── COLLECTED MATERIAL
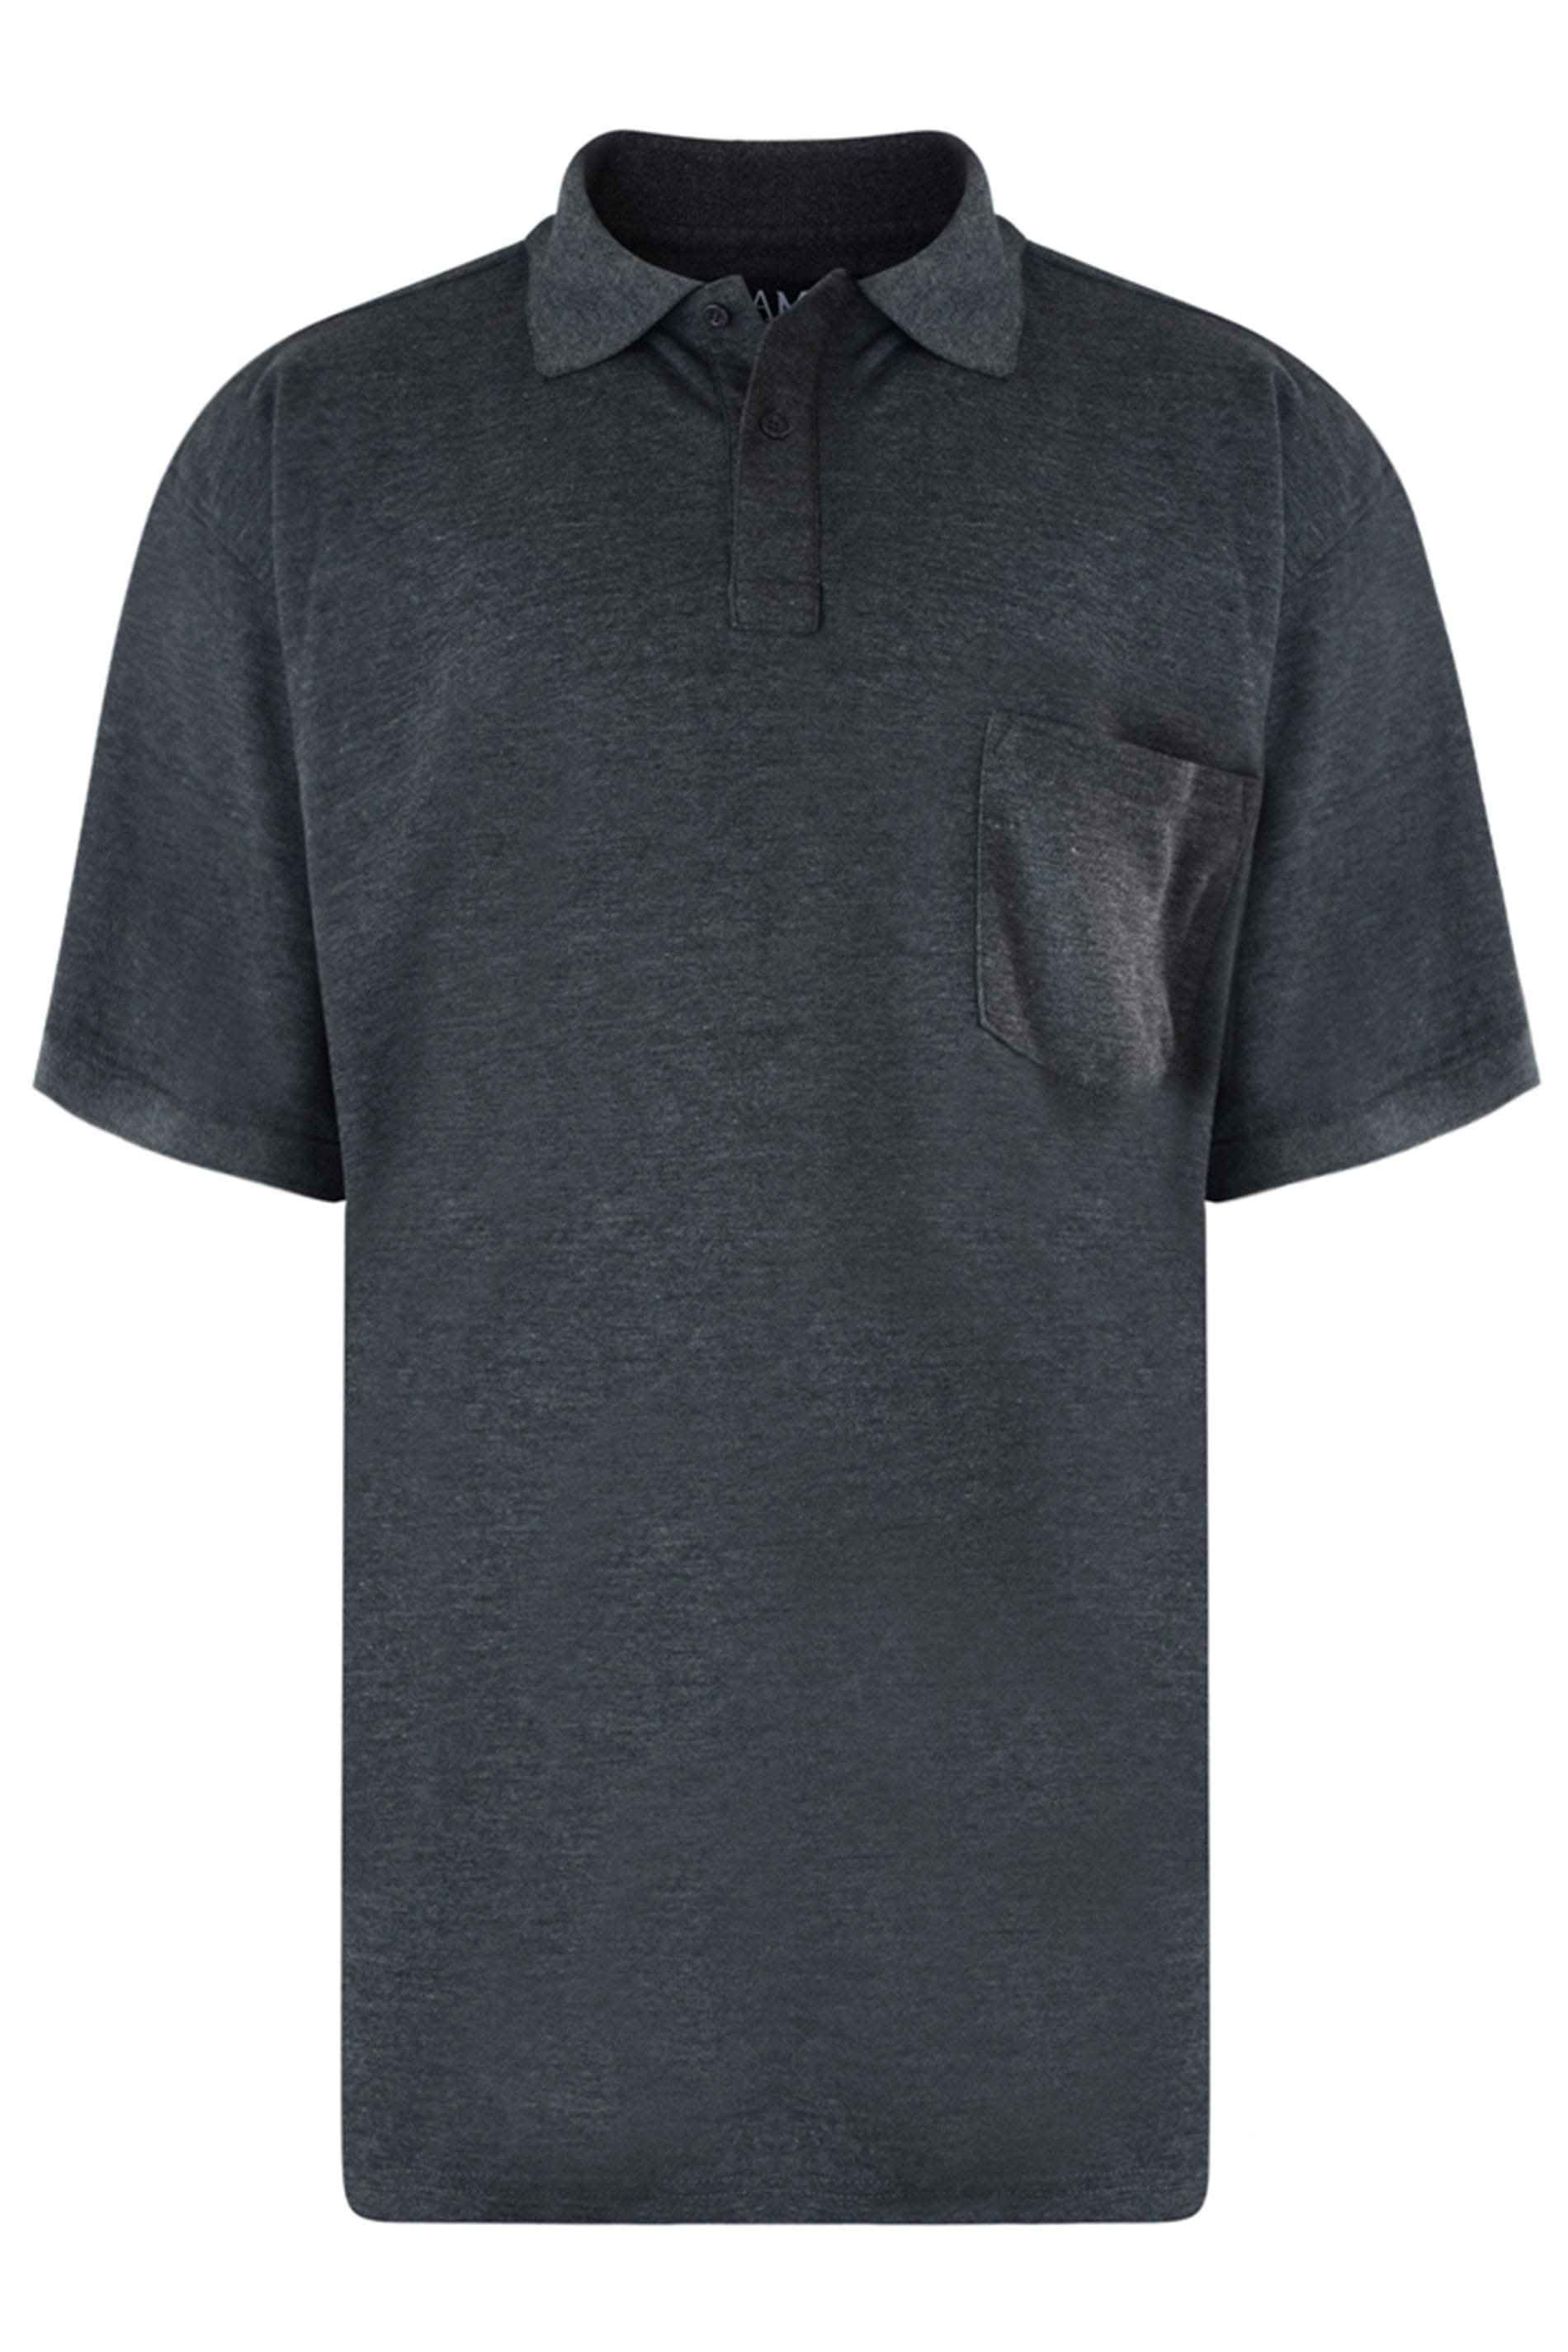 KAM Charcoal Grey Pocket Polo Shirt | BadRhino 2
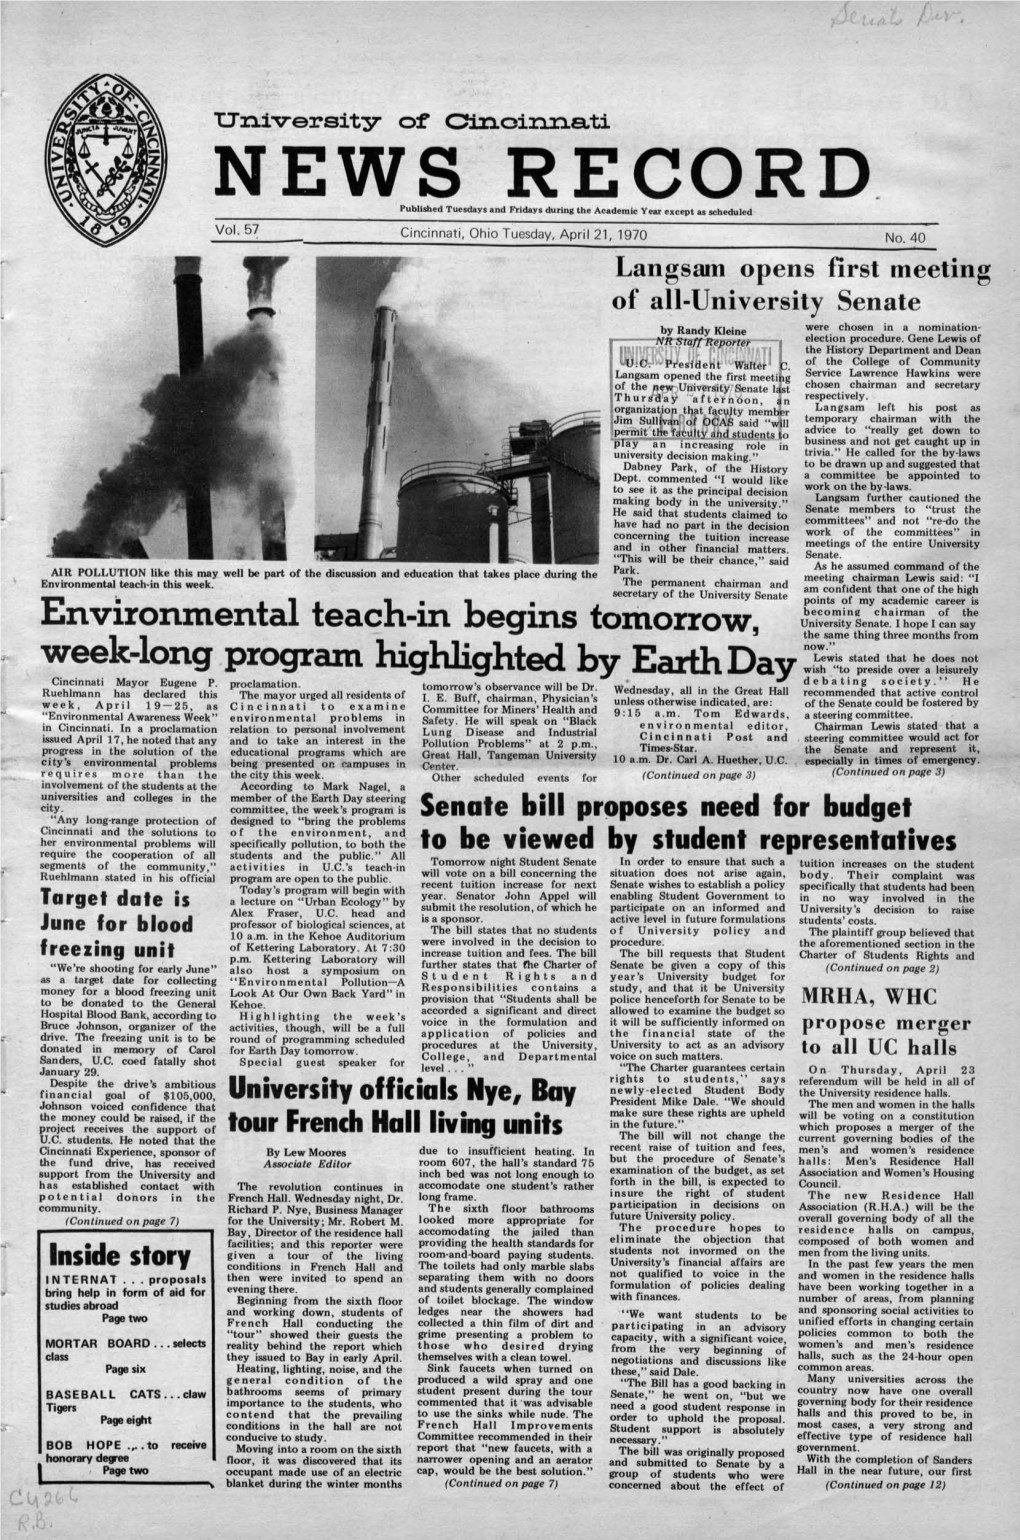 University of Cincinnati News Record. Tuesday, April 21, 1970. Vol. LVII
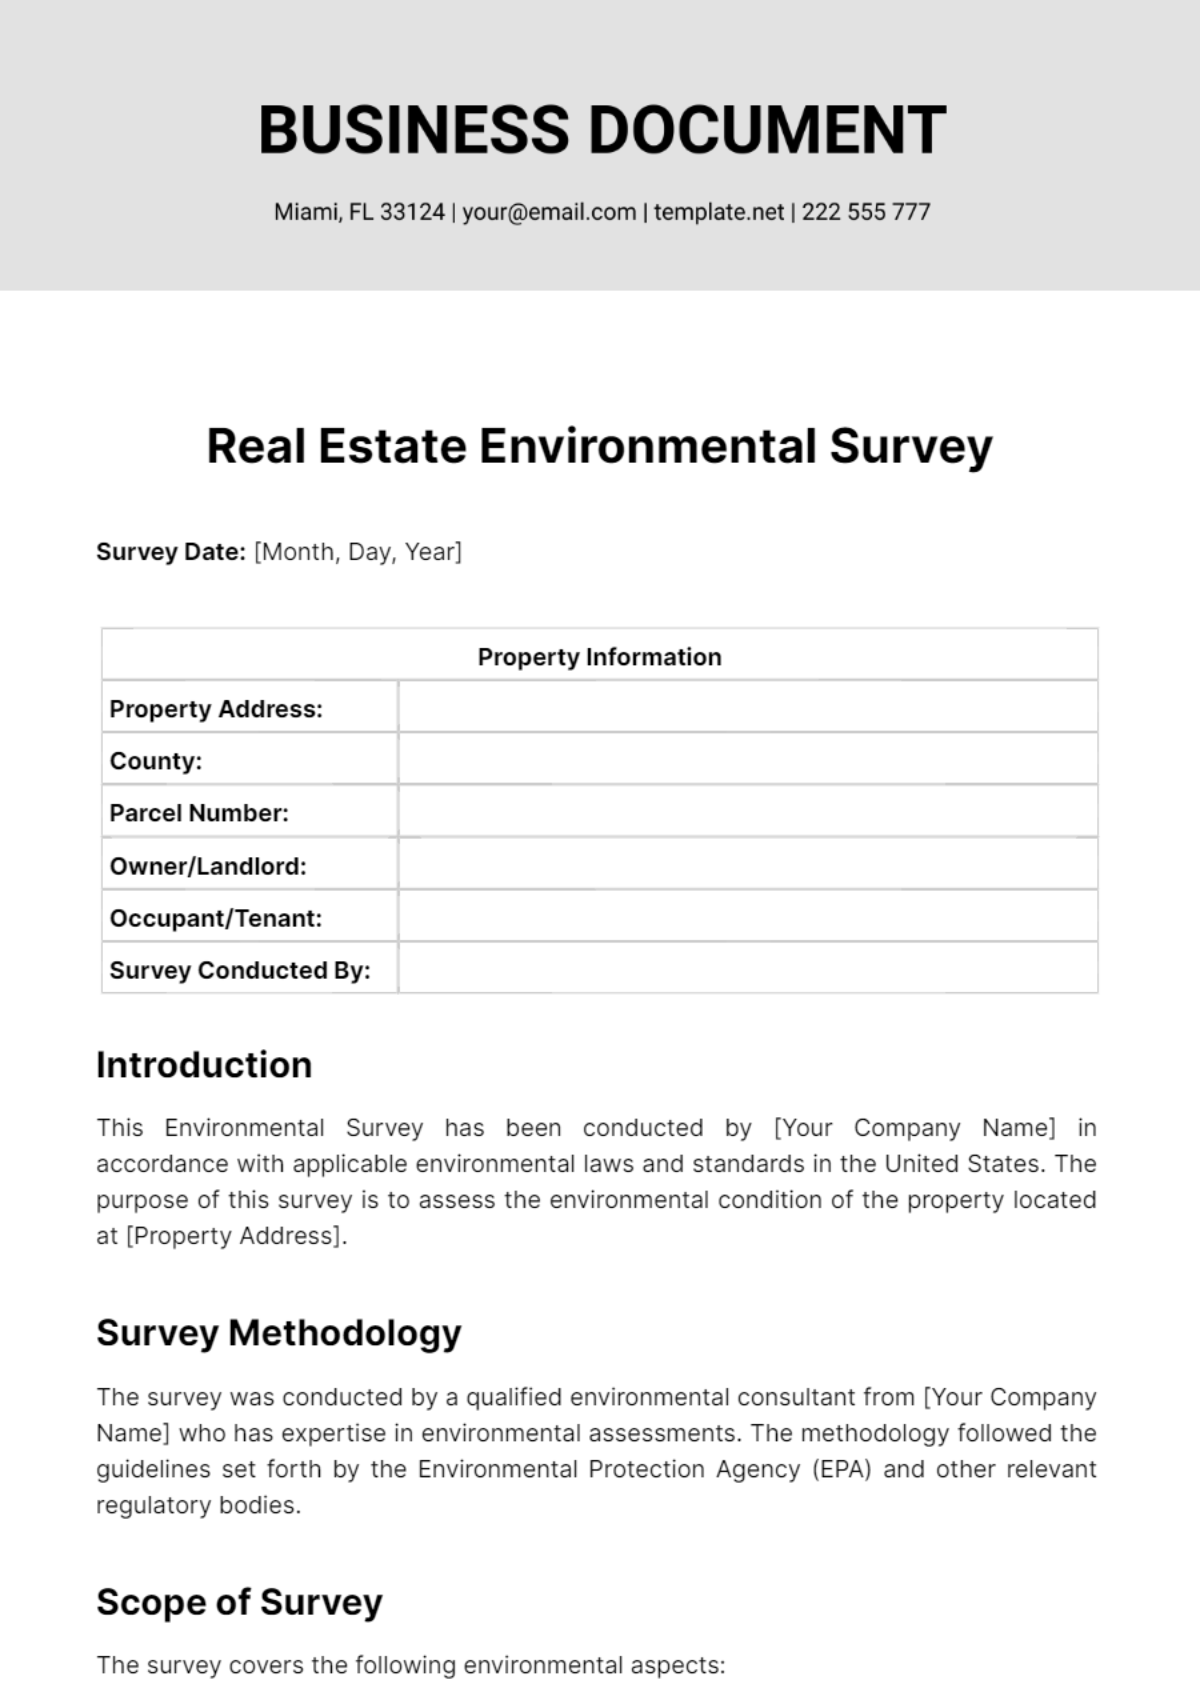 Real Estate Environmental Survey Template
────
Without the pictures, output the full listing exactly as it stands.

- _EXERCISE OUTPUT_:
 KAM Charcoal Grey Pocket Polo Shirt | BadRhino 2
 University of Cincinnati News Record. Tuesday, April 21, 1970. Vol. LVII
 Real Estate Environmental Survey Template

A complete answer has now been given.